In the entries that follow, find the line containing "Beige Europe - coats"; from there, copy every line exactly through the line containing "unique fun picture".

====

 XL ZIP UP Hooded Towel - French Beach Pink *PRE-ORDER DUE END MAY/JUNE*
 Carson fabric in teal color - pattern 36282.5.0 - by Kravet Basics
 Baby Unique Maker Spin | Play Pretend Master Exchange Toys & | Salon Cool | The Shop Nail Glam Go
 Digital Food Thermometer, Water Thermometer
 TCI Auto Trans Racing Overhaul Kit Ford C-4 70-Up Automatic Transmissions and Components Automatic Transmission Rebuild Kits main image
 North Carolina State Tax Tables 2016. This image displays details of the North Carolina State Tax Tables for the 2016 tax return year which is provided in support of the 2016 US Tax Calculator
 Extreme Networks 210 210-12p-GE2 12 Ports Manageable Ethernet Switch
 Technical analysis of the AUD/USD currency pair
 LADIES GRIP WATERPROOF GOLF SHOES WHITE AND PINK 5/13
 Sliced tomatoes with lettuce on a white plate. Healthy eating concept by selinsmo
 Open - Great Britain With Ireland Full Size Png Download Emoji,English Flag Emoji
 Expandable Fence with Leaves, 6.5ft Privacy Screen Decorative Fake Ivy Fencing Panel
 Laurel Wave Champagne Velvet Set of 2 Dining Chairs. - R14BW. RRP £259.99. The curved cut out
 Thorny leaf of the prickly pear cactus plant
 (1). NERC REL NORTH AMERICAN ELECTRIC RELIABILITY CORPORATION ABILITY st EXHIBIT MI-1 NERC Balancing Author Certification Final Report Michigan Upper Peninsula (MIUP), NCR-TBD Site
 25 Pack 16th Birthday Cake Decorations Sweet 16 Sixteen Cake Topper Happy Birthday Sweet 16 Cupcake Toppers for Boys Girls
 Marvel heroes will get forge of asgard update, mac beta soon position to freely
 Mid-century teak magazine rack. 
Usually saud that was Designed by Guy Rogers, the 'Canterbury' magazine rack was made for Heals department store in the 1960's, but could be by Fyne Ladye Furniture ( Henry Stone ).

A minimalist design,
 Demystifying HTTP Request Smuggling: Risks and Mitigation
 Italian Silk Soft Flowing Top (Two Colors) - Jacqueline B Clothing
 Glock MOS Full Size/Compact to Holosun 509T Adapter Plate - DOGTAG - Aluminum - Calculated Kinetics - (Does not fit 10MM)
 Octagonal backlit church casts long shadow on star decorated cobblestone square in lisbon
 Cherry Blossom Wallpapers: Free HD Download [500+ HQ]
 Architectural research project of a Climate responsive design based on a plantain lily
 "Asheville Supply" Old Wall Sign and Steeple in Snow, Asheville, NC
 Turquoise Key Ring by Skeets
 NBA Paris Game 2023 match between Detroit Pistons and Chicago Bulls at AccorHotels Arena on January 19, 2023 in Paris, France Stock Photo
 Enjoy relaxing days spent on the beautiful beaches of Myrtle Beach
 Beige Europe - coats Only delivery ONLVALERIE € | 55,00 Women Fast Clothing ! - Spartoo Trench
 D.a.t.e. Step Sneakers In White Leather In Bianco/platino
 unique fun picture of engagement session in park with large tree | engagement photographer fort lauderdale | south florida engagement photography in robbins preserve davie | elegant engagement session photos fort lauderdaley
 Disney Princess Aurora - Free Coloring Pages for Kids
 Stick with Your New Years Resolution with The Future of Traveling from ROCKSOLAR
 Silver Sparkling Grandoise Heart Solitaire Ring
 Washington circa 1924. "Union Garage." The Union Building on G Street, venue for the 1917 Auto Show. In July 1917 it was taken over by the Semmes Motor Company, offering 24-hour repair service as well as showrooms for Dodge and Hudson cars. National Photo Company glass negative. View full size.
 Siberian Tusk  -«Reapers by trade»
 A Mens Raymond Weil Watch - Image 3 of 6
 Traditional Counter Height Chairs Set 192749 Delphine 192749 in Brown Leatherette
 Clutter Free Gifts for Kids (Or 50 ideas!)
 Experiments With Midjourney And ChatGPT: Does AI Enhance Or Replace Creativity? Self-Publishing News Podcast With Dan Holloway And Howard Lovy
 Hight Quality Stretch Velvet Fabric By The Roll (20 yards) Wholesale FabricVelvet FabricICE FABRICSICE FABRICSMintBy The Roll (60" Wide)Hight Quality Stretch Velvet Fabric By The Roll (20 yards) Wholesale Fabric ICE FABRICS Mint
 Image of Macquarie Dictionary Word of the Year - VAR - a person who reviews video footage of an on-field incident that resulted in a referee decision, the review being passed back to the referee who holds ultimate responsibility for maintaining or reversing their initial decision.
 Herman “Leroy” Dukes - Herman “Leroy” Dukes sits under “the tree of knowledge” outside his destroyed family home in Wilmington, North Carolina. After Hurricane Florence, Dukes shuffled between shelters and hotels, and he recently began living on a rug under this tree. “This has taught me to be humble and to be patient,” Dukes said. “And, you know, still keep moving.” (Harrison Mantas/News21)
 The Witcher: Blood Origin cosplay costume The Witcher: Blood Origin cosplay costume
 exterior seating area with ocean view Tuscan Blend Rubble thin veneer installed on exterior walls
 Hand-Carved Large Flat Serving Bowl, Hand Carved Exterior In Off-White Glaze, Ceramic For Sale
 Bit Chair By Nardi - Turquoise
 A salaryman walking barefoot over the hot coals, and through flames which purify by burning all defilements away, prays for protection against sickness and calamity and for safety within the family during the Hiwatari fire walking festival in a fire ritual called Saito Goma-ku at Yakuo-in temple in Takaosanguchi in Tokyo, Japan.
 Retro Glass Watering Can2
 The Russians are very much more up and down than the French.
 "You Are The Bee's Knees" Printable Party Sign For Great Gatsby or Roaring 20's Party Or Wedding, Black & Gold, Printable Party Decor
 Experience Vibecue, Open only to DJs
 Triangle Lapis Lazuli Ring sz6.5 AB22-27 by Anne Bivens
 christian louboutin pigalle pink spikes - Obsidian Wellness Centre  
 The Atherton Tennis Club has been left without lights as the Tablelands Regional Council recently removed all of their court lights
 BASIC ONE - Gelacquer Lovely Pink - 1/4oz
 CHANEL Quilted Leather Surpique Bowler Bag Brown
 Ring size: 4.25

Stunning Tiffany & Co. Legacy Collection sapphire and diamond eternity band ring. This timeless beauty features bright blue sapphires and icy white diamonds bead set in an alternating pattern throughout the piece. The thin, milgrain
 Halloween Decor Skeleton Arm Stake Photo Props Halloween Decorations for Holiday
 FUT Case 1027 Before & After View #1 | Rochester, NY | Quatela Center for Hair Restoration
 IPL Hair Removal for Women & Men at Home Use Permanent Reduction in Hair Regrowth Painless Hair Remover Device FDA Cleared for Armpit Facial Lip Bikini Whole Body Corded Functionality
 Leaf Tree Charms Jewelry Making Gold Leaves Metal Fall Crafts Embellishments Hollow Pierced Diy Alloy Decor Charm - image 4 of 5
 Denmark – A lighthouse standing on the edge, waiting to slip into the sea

====

Exercise answer –
 Beige Europe - coats Only delivery ONLVALERIE € | 55,00 Women Fast Clothing ! - Spartoo Trench
 D.a.t.e. Step Sneakers In White Leather In Bianco/platino
 unique fun picture of engagement session in park with large tree | engagement photographer fort lauderdale | south florida engagement photography in robbins preserve davie | elegant engagement session photos fort lauderdaley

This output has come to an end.